Work mechanism of magneto-thermomechanically reprogrammable mechanical metamaterials
Principles of reprogrammable design
Future intelligent materials for reconfigurable structural applications require fast, untethered, reversible, reprogrammable (multimodal), and interactive transformability with shape locking. SMPs have the potential for lightweight yet stiff small-scale structural applications over other programmable materials such as hydrogels and elastomers due to SMP’s thermally stiffening effect. However, conventional SMPs have a critical drawback –irreversible transformability, limiting their reconfigurability as intelligent materials. Magnetic control has an excellent advantage in the untethered and fast deployment, yet a significant drawback is an additional power required to hold the transformation.
The research team led by Professor Jaehyung Ju combined two physics – magnetic control and thermomechanical behavior of SMP and demonstrated mutual assistance to each other without new materials synthesis.

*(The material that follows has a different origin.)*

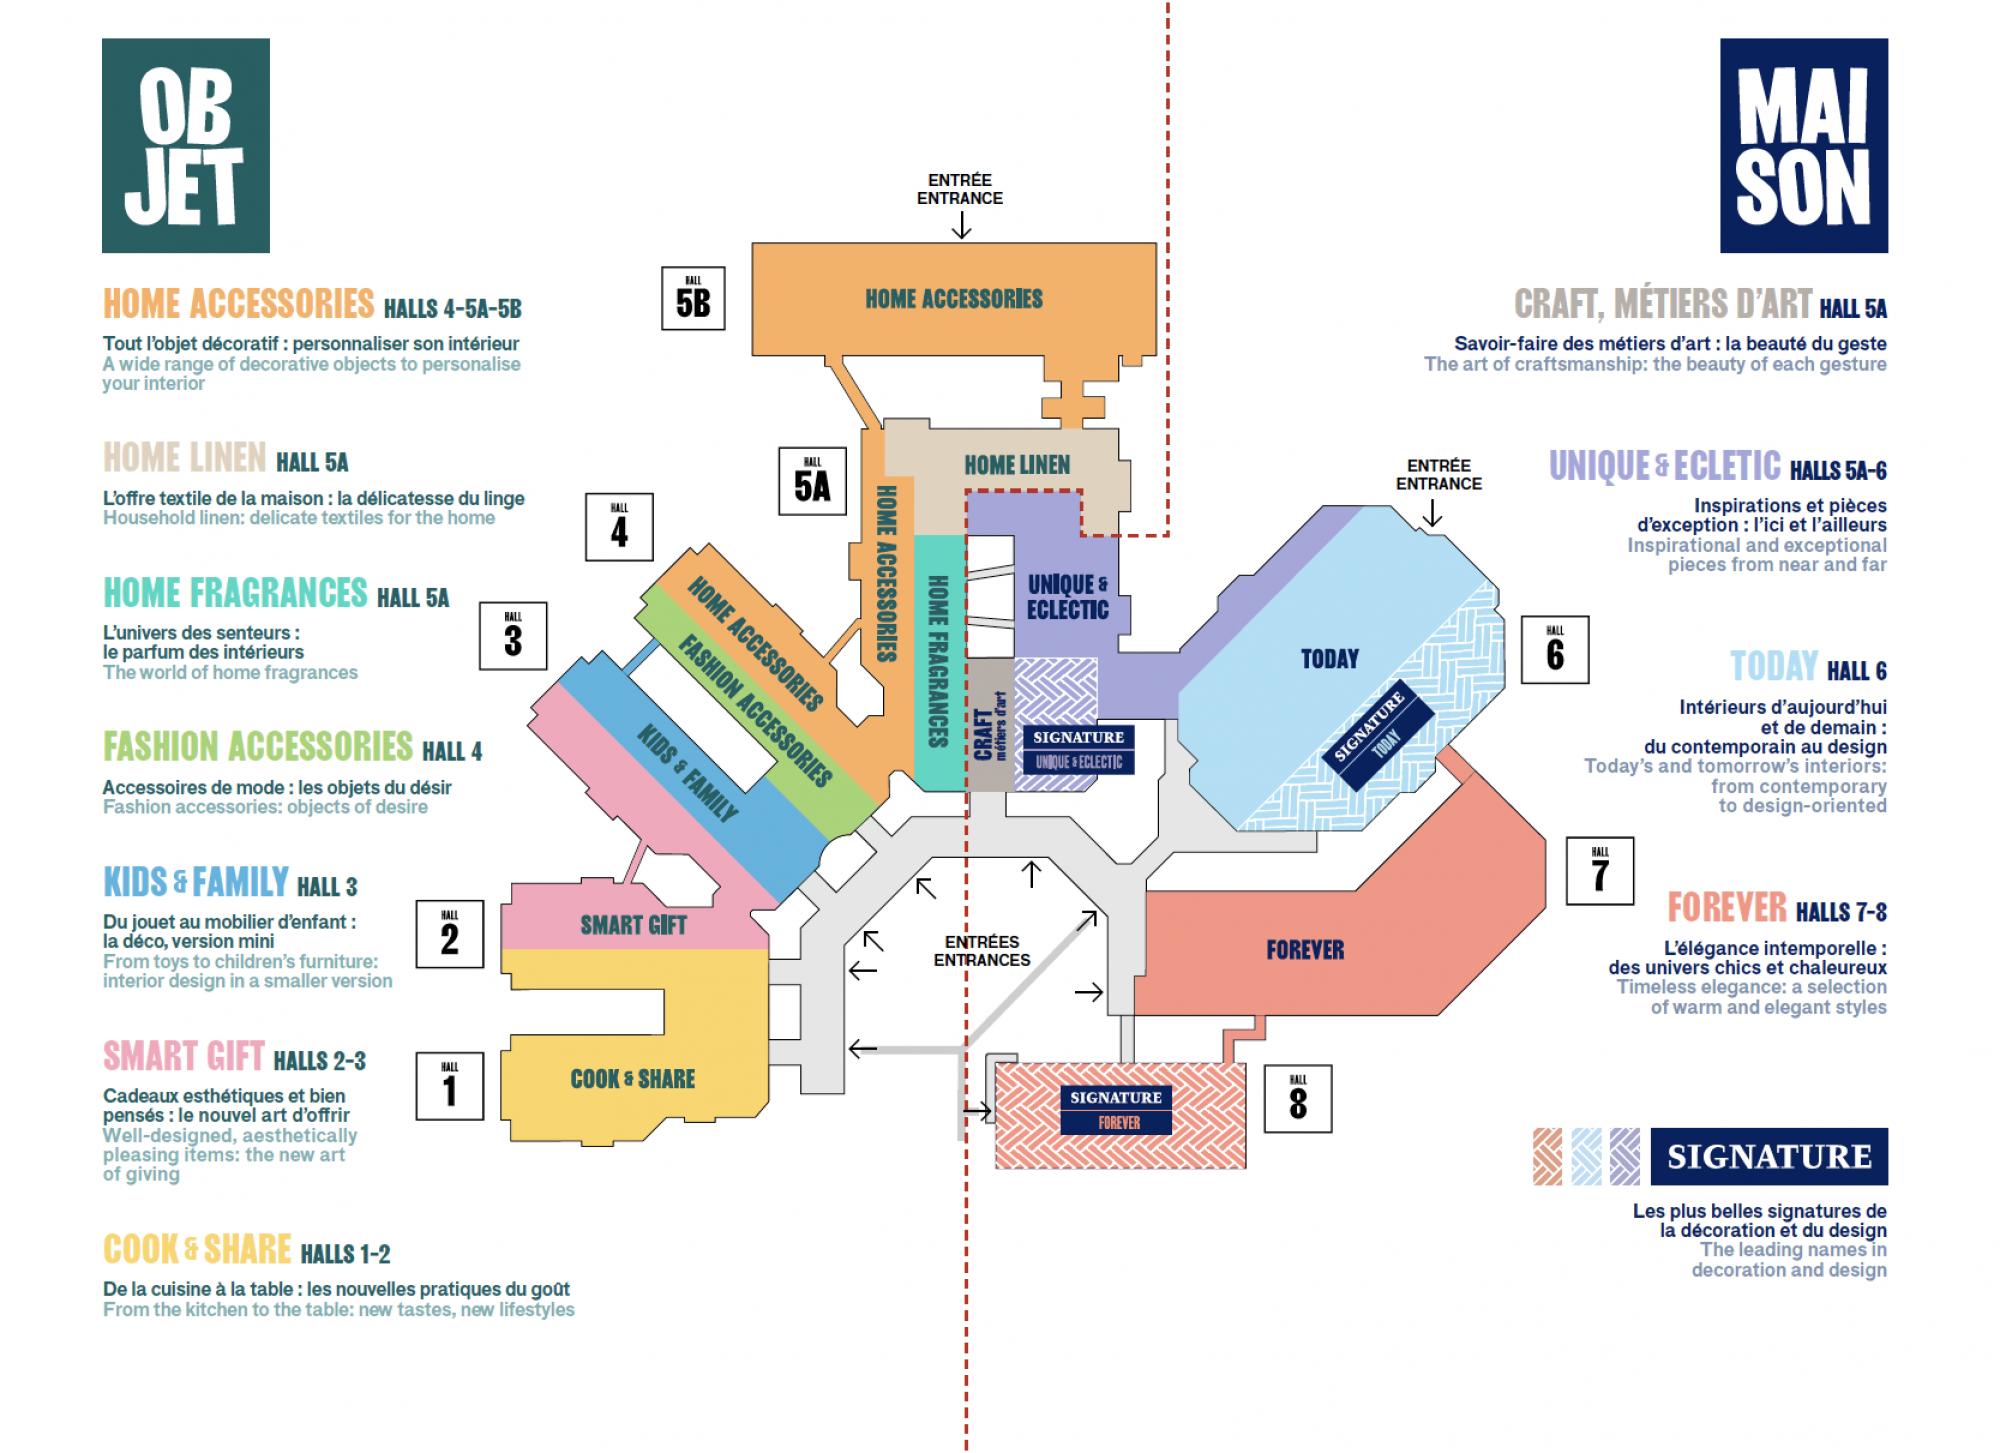 Maison Et Objet Paris 18 22 January 2019 Floorplan Linking Maker And Market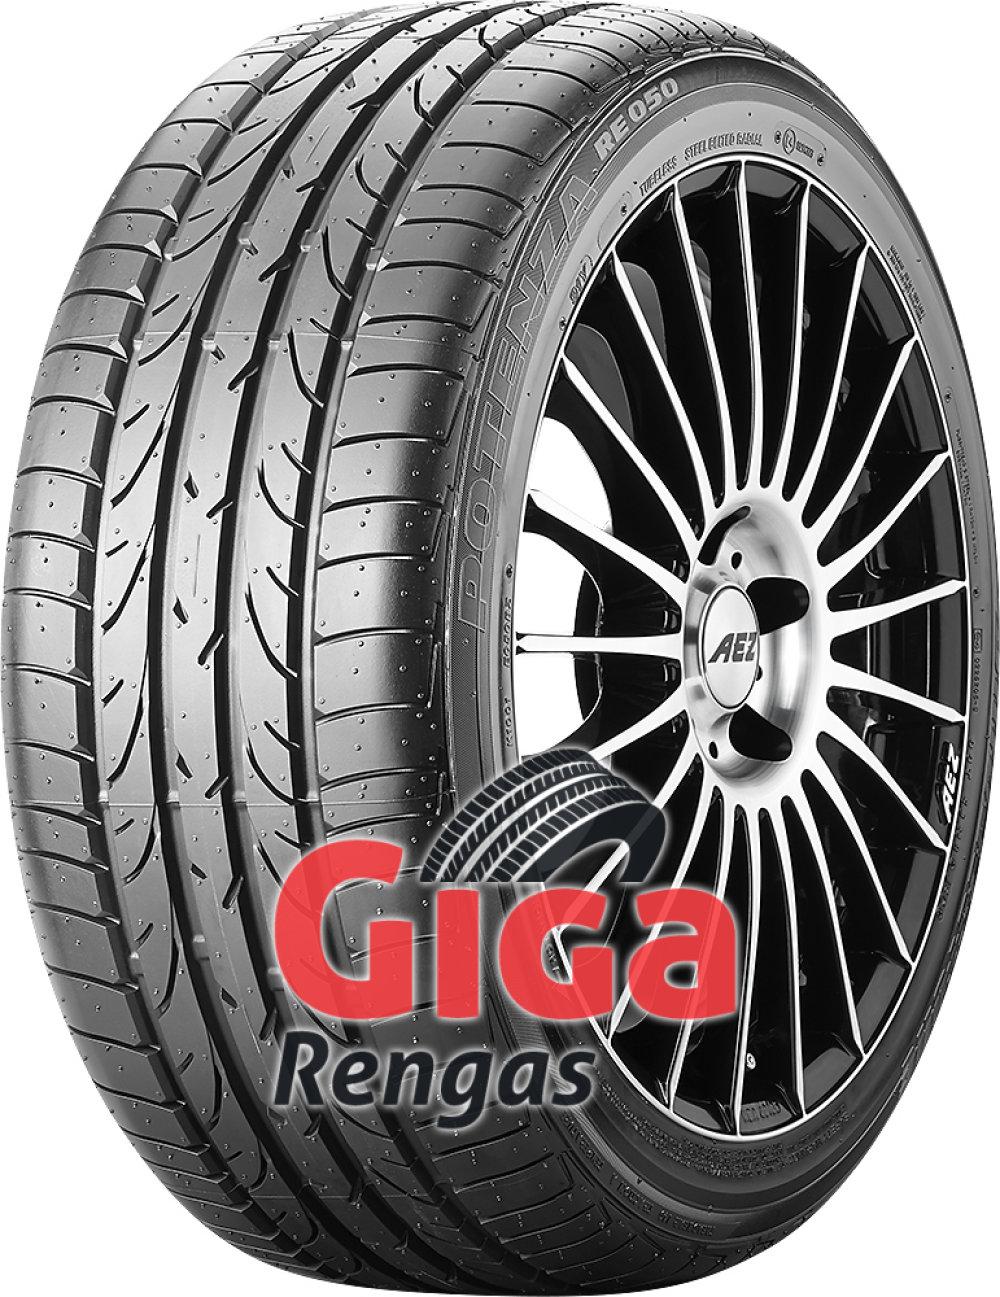 Bridgestone Potenza RE 050 RFT ( 245/45 R18 96Y vannesuojalla (MFS), runflat )

The research team proposed a method that couples a localized magnetic torque with the prestressing of SMP lattice structures in a fully noncontact triggering manner, eventually providing untethered and reversible deformations of lattice structures with shape locking. In addition, a novel reprogramming strategy of active structural material is proposed, which couples the asymmetric arrangement of magnetic moments with structural instability. This strategy further avoids the need for additional high thermal power and extended time for reprogramming. Therefore, this work opens a new path of active metamaterials, flexible yet stiff soft robots, multimodal morphing structures, and mechanical computing devices which can be designed in reversible and reprogrammable ways.
Jaehyung Ju is the paper’s corresponding author. JI doctoral student Bihui Zou is the first author of the research article with co-authors of four JI graduate students including Zihe Liang, Dijia Zhong, Zhiming Cui, Kai Xiao, and Shuang Shao who was an undergraduate researcher of JI and is now a graduate student at the University of California at Berkeley. The research work was funded by the Shanghai National Science Foundation, the National Natural Science Foundation of China, and the Research Incentive Program of Recruited Non-Chinese Foreign Faculty by Shanghai Jiao Tong University.
Jaehyung “Joshua” Ju is an associate professor of the UM-SJTU Joint Institute. He received his Ph.D. degree from Texas A&M University in 2005. Prior to joining JI in 2016, he worked as a postdoctoral research associate in Texas A&M University and Clemson University, and an assistant professor in University of North Texas. Jaehyung Ju received Jason Daida Teaching Excellence Award in 2019. His research interests include mechanical metamaterials, 4D printing and nonpneumatic tires. He has published papers in top-tier journals, e.g., Nature Communications, Advanced Materials, Advanced Functional Materials and Journal of the Mechanics and Physics of Solids.